I have shared here and on Instagram thoughts about doing less in our homeschooling, about not having to accomplish everything in a day, a week, or even a year. I wanted to expand on that thought a bit here, too, as it feels ironic considering we were doing far more this last year than any other. What I mean is I would love to go back in time and assure that young, uncertain mother: it’s okay to not do everything right now. Now that my children are older and the oldest three are confident, independent readers, with my fourth also now entering more fluency, I understand how their capacity for learning has increased and blossomed and how my own has too. We can do more, not from a place of striving to do more and check off subjects, but because their natural capacity and curiosity has grown. For young families on this journey, please don’t belittle the power of quality play time, outdoor exploration, read aloud, and artwork. They take in SO much and all of you will enjoy the learning even more than tons of assigned paper work. Encourage your child’s love of reading as much as possible, as it will be the greatest asset to future learning of any sort as they grow.

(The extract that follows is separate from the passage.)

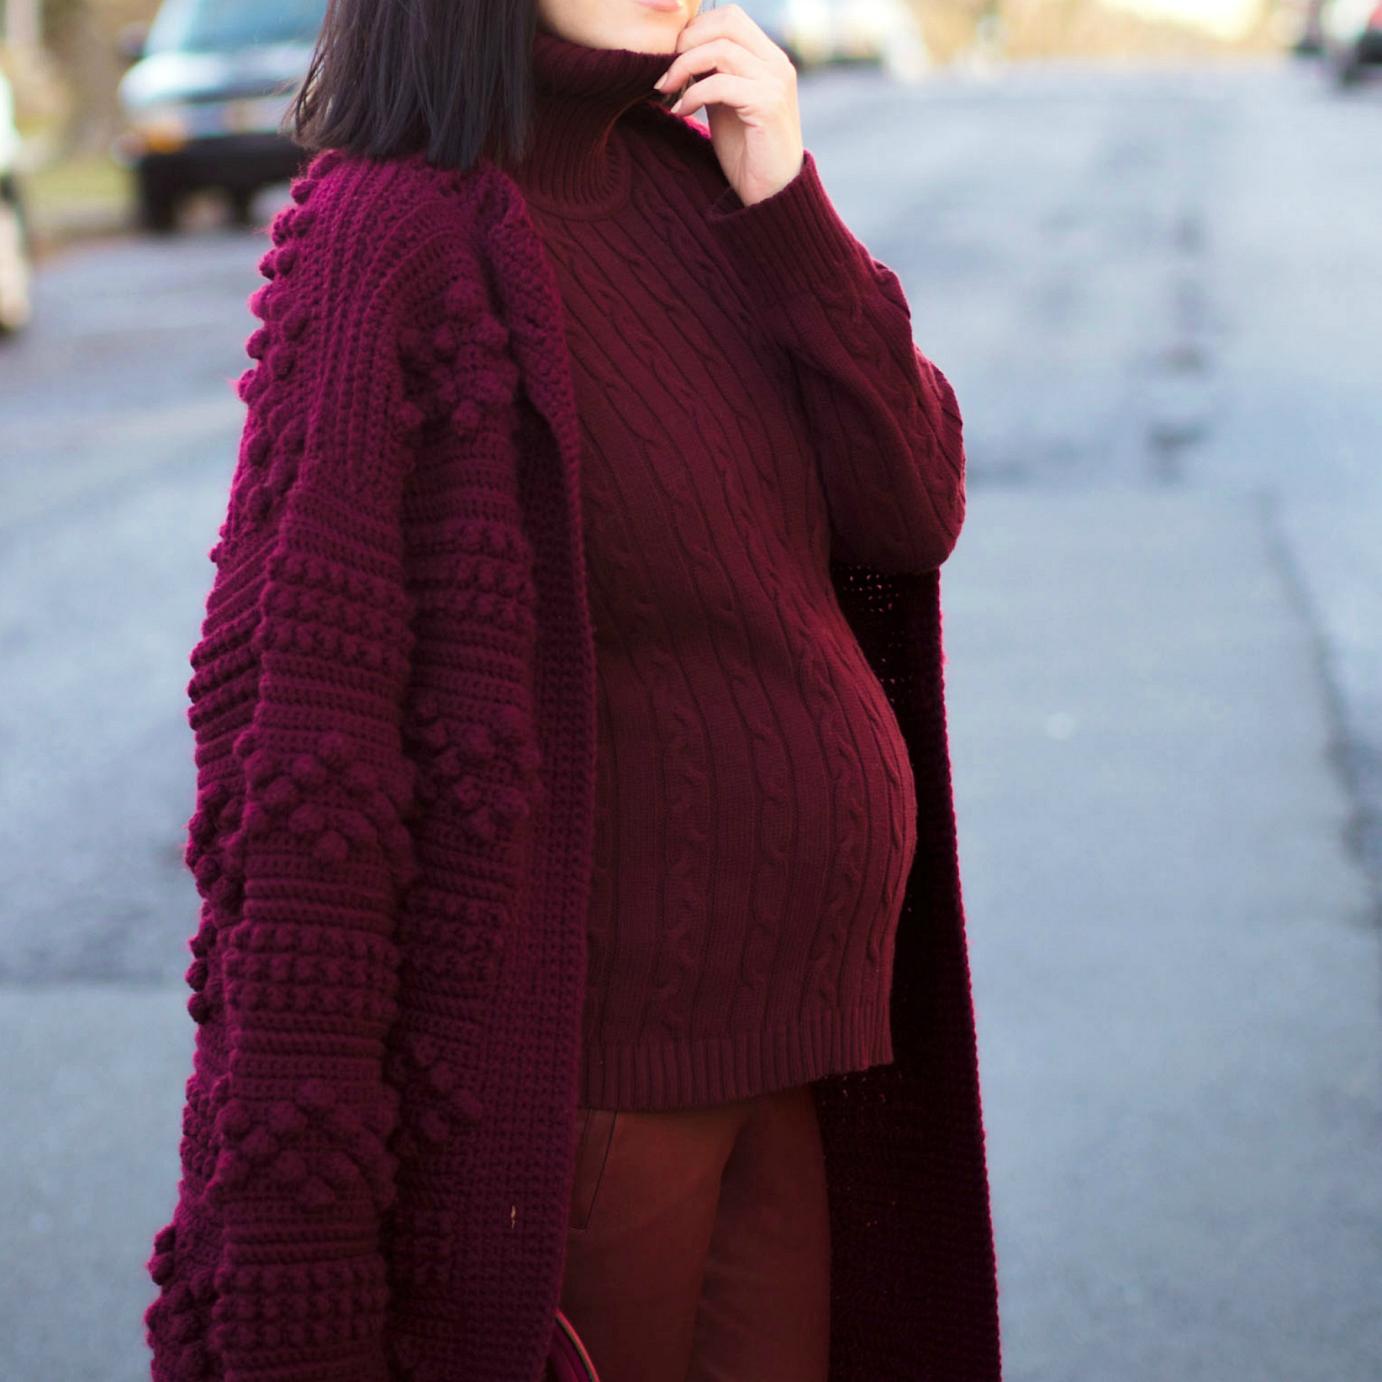 bittersweet colours, street style, winter trends, burgundy cardigan, vintage, burgundy color, monochrome look, reed krakoff bag, A.L.C pants, leather pants, maternity style, 30 weeks

It is difficult to discuss the way anyone chooses to educate their children without first acknowledging the temperament of the family members, and also the culture of the home. Some parents are more relaxed and some tend to worry. Some need high structure and others prefer to move on whim. None of us can be all or do it all. Nor do we need to. After the first five years of homeschooling, working to fit several wonderful curriculums into our day and cover all the subjects, I burned out and was even ready to throw in the towel altogether. I didn’t sense any of the creative freedom I had once imagined and prized in homeschooling. I felt boxed in by my plans and our segmented studies. I felt frustrated and grumpy. Exhausted and overwhelmed. Some of this had to do with other stressful circumstances our family was navigating at the time. My children seemed to be happy, but for the first time I wondered whether I actually had the capacity for homeschooling any longer. That was three years ago. We looked at school options for our children again, and once again did not feel peaceful about any of them. Instead I took a less obvious route and ditched almost everything we were doing: our weekly homeschool group with other families, my job tutoring other students, extra-curricular activities, and most formal curriculum. Although I still began the year with some plans and ideas, we paired down to formal lessons in only reading and math for the year and added space and time for more flexible read aloud, art, and outdoor play into our day again. I said no to a lot of my personal work and opportunities (so hard!) and most of my formal plans went out the window. I learned instead to listen to the needs of our home, to listen to my own soul’s needs. Over the course of that initial year, my heart began to grow and I fell in love with homeschooling again.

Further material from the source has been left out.